Our own society is replete with stories of people on the fringes of society or the inner circle who have been told they can never “get in” due to their age, race, sex, creed, or whichever restrictions we put on things. From actors trying to get into a Hollywood career and facing sexism to women meeting the glass ceiling of the corporate world and feeling jammed and limited while others soar above. Carmen encases all of those stories in its allegory of breaking the mold and trying to break free as your own person.

Set design by Gary McCann

When and where is your production set?

Ours is set in the late 1950s in a non-specific Hispanic place similar to Havana, Miami, or Seville itself.

 

What was the inspiration behind the setting, and how does that setting and design affect the story of Carmen?

We were very much looking for a time and place that was both distant enough in history and close enough for a modern audience to relate to. Somewhere for the story to fold out and have those watching it feel they recognize the characters and actions. If we followed the French censors of 1875 and did a “cleaned up” version they insisted upon, it might feel too far away to an audience used to watching movies and HBO, etc. Most people will have seen West Side Story or "The Sopranos," so we are hoping that a setting closer to our own times might give a more immediate feel to telling the story. The late 1950s was an interesting era of conservatism which targeted women in society in a very patronizing and sexist way and it took nearly a decade for a social and sexual revolution in the ‘60s to begin to address women’s emancipation. Bizet was perhaps ahead of his time in writing a story of a societal outsider and I feel the end of the ‘50s reflects that best for a modern audience, where we have so much on film and record. Maybe it’s because I’m middle aged now…?

 

What moments in the opera are you most looking forward to bringing to the stage?

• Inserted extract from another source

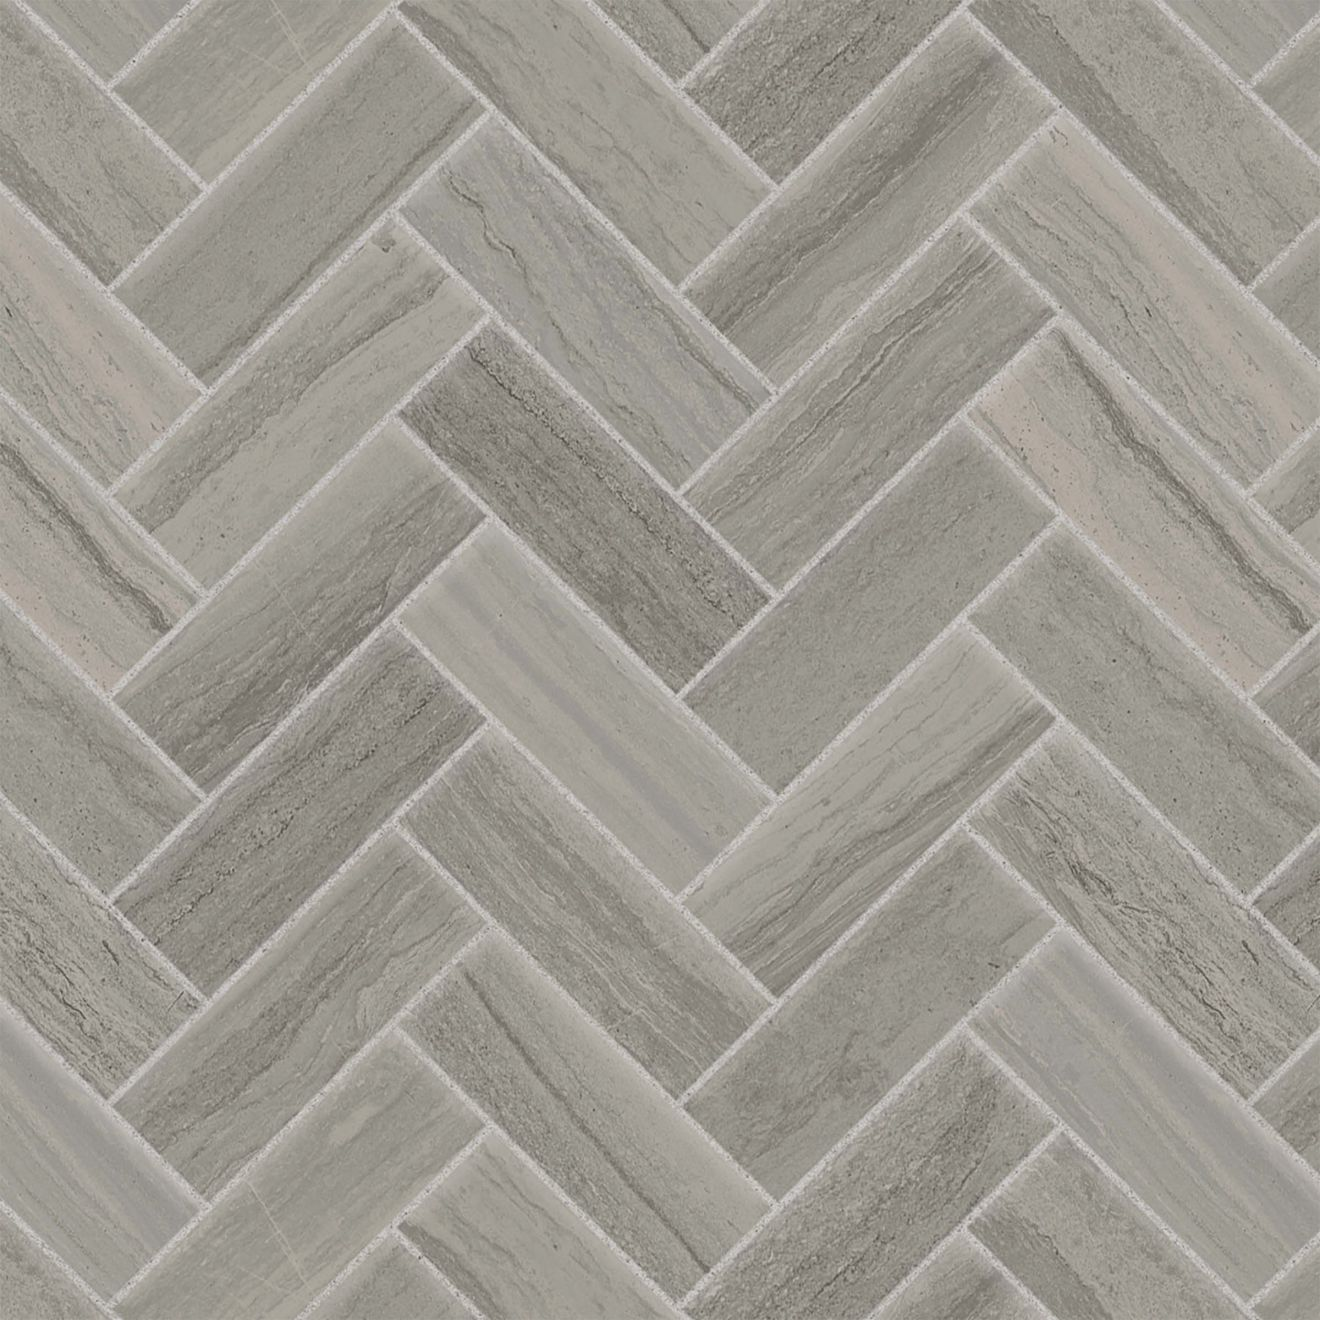 "Highland 1"" x 4"" Floor & Wall Mosaic in Greige"

This is a very hard question! There are so many iconic moments in Carmen that it’s almost impossible to select a favorite. I think my main aim to is create a show that feels like it runs like a movie – very much in a way what Bizet was trying to do in his attempt at what we now know as “verismo,” or realism. We have a pretty fantastic young cast, so I am particularly looking forward to creating and developing characters with them. This generation, like all others before them, must be given the chance to play and interpret what have become classic stories in their own way – a unique way for them and for their contemporaries. There is no single way of playing any of the characters in Carmen, there is only exploring and expressing them through your own society and experience. This generation of singers is the future, we must help them in every way we can.